Series C Certificate of Determination has the meaning set forth in the Recitals.
Series C Certificate of Determination means the Company’s Certificate of Determination of the Rights, Preferences, Privileges and Restrictions of the Series C Shares in the form such Certificate was filed with the California Secretary on August 16, 2011.
Series C Certificate of Determination means the Certificate of Determination in the form of Exhibit C hereto, which sets forth the rights, preferences and privileges of the Series C Preferred Stock.
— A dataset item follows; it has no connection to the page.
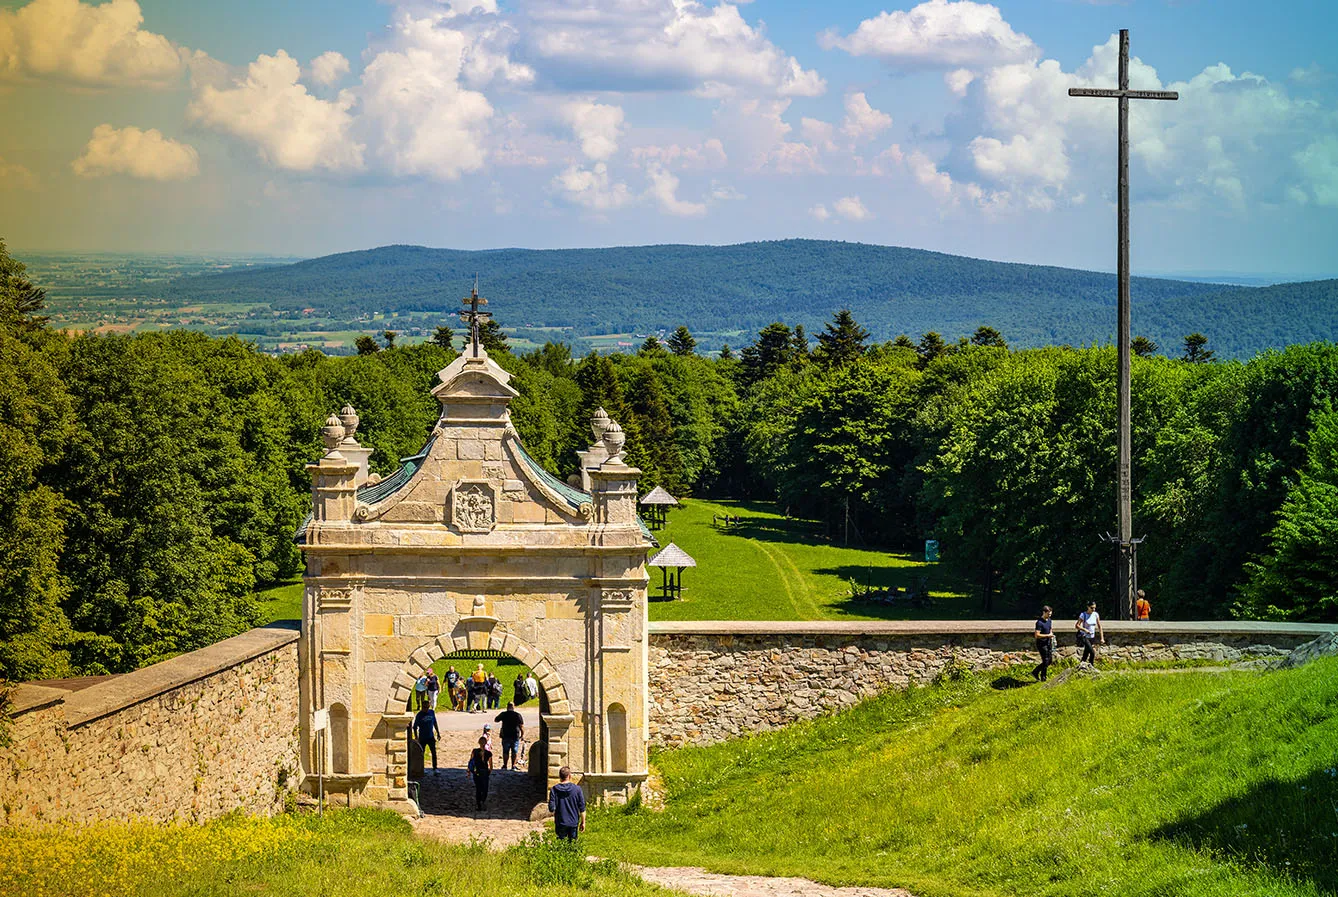 Lysa Gora, Swiety Krzyz mount hilltop with gate to medieval Benedictive Abbey and sanctuary in Swietokrzyskie Mountains near Nowa Slupia village in Poland.

Examples of Series C Certificate of Determination in a sentence

  • Except as set forth in Section 4.2 of the Company Disclosure Schedule, the Company has all requisite corporate power and authority to execute and deliver this Agreement and the Other Transaction Documents, to sell and issue the Series B Shares and to carry out and perform its obligations under this Agreement, the Other Transaction Documents, the Series B Certificate of Determination and the Series C Certificate of Determination.

  • The Company’s board of directors has duly approved and authorized the execution and delivery of and the performance by the Company of its obligations under this Agreement, the Other Transaction Documents, the Series B Certificate of Determination and the Series C Certificate of Determination.

  • The issuance of the Underlying Shares has been duly authorized and the Underlying Shares, when issued in accordance with the terms of the Series B Certificate of Determination and the Series C Certificate of Determination, will be duly and validly issued, fully paid and non-assessable and free and clear of all Liens, other than restrictions on transfer provided for in the Transaction Documents or imposed by applicable securities laws, and shall not be subject to preemptive or similar rights.

  • The Company shall have duly filed the Series B Certificate of Determination and the Series C Certificate of Determination with the California Secretary.

  • No other corporate proceedings on the part of the Company are necessary to approve and authorize the execution and delivery of this Agreement, the Other Transaction Documents, the Series B Certificate of Determination and the Series C Certificate of Determination or the consummation of the transactions contemplated hereby and thereby, as applicable.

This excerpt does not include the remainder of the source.